On 14/12/2013 14:15, Chris Angelico wrote:
On Sun, Dec 15, 2013 at 1:03 AM,  <wxjmfa...@gmail.com> wrote:
D:\>chcp 65001
Page de codes active : 65001
D:\>echo "*"
"*"
D:\>


locale.getdefaultlocale()
('fr_CH', 'cp1252')

----------

In my understanding and experience, in the MS world
(desktop, intel), today:
Unicode == utf-16-le

You still haven't explained how Win7 is different from every other
Windows going back as far as NT. Back in the NT days, Windows had
"Unicode" (really UCS-2 - it predated Unicode 2.0, so that was correct
for a few years) while OS/2 had DBCS. Hindsight shows that OS/2 did
kinda get left behind there :) Though maybe it would be easier to
force migration from DBCS to true Unicode than from UTF-16 or UCS-2
where it looks fine till you hit an astral character. Now how is Win7
different from NT? And where does the current "oldstable" Windows (if
I may borrow a term from Debian), XP, fit into that?

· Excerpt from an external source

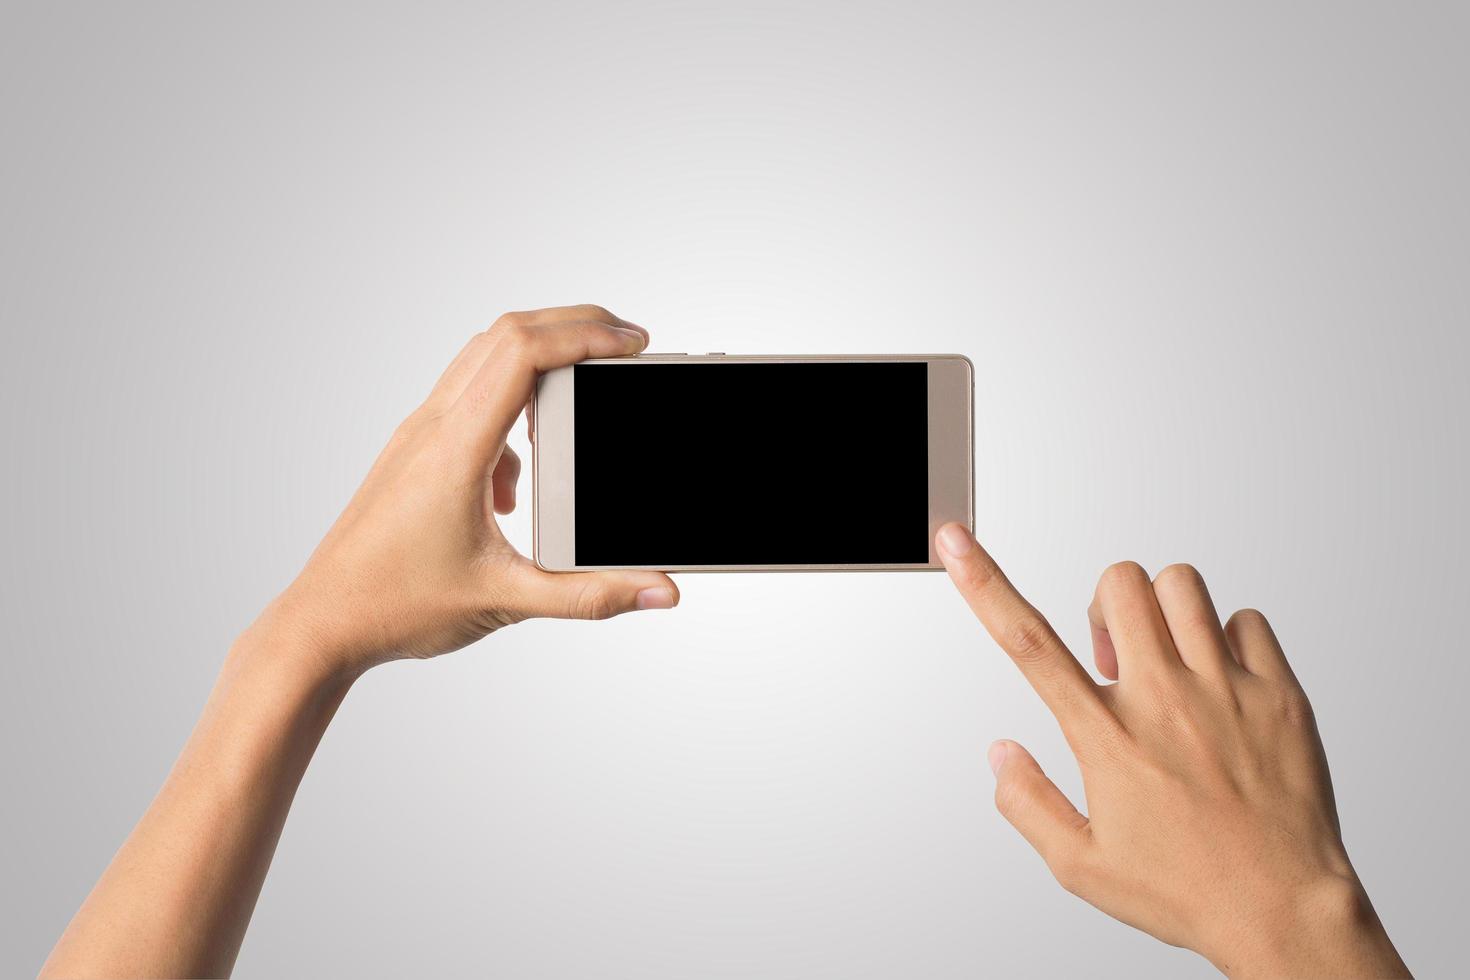 Frau Hand hält Smartphone leeren Bildschirm foto

If you think, utf-16, because of surrogate pairs, is
not a proper solution, the single choice is utf-32.

You may not be aware, you are already using utf-32
probably much more than you think, (in a correct way).

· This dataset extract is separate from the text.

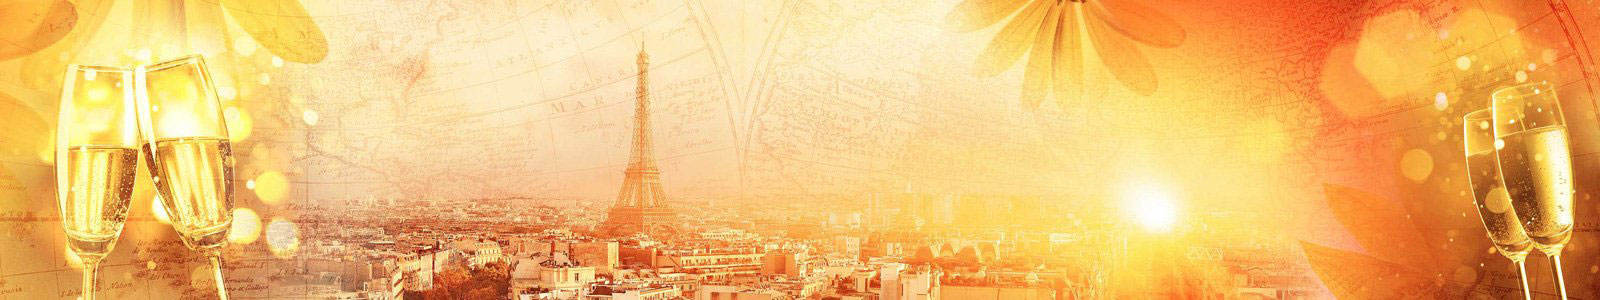 №6379 - Коллаж панорамы Парижа на закате

Yeah. I use UTF-32 a lot, often stored in ways that elide unnecessary
00 bytes. It's a pretty good system, actually, giving high
performance, compact memory usage, and correct behaviour. Still don't
know what this has to do with Win7.

ChrisA


Reread "The Emperor's New Clothes" and you'll get it :)

--
My fellow Pythonistas, ask not what our language can do for you, ask what you can do for our language.